I saw this and thought, "Maybe, but how would _TechCrunch_ know?"

------
vparihar
Execution is absolutely more important than vision because everyone can be a
visionary if he has even a little interest. For example, when you look at
Google giving you search results in one fashion, you think "I wish they had a
good design." But only bing.com could prove that search can be better
organized and designed, and I 'd say they have executed just fine. Ideas can
be generated even in the bathroom.

------
tophat02
Before the idea is out in the market, then I'd say that vision is slightly
more important than execution. BUT, once it's out there and it's clear people
want to buy it, then vision takes a back seat to good, solid, competent
execution.

How many market leaders actually invented their markets?

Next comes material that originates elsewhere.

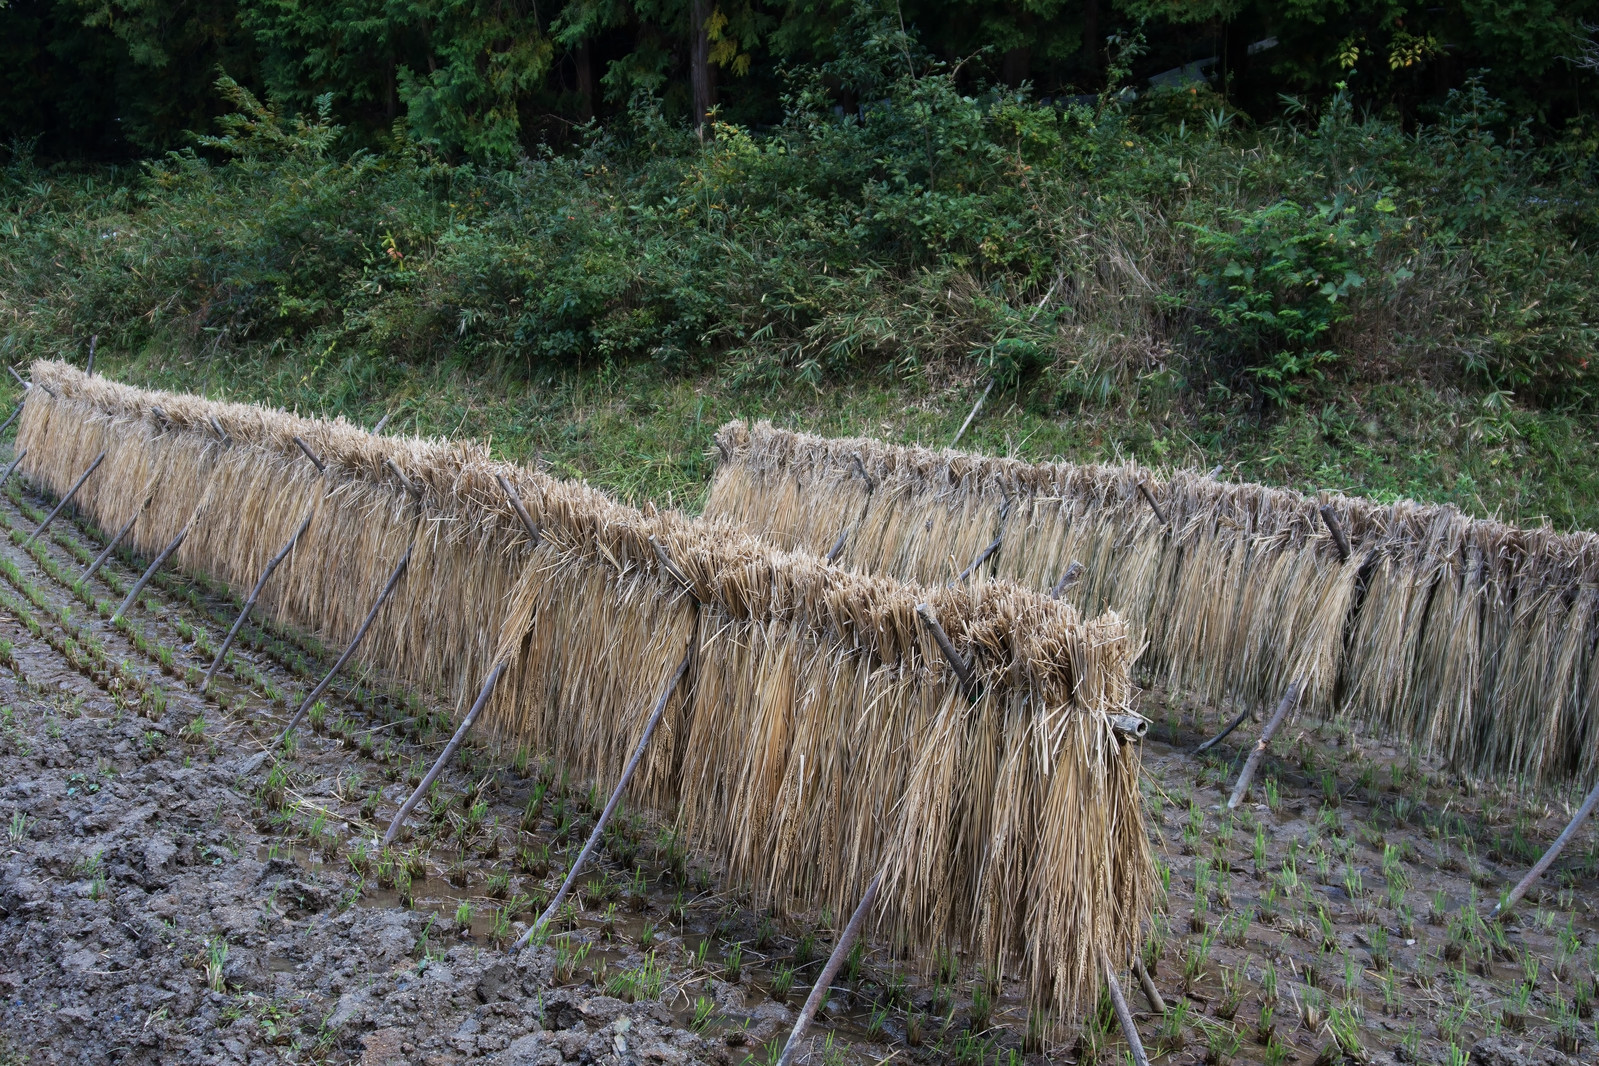 「雨に濡れてしまった天日干ししていた稲」の写真

The business world is
full of the remains of "visionary" companies who just plain got out-executed.

------
kaitnieks
Execution is important, no doubts there. And I agree that for mass products it
is more important than vision. However, I think that if the product is
targeted for a single customer or a small niche group then vision is way more
important - users will tolerate much of the shortcomings in execution if they
see a great future perspective and are excited about it.

------
ujjwalg
Very interesting article. IMO, vision is important, but without having the
ability to execute it, its essentially worthless. When we launched a lot of
people said and some still say that they had similar ideas, but it was us who
executed it.

------
DannoHung
Yes, details are important.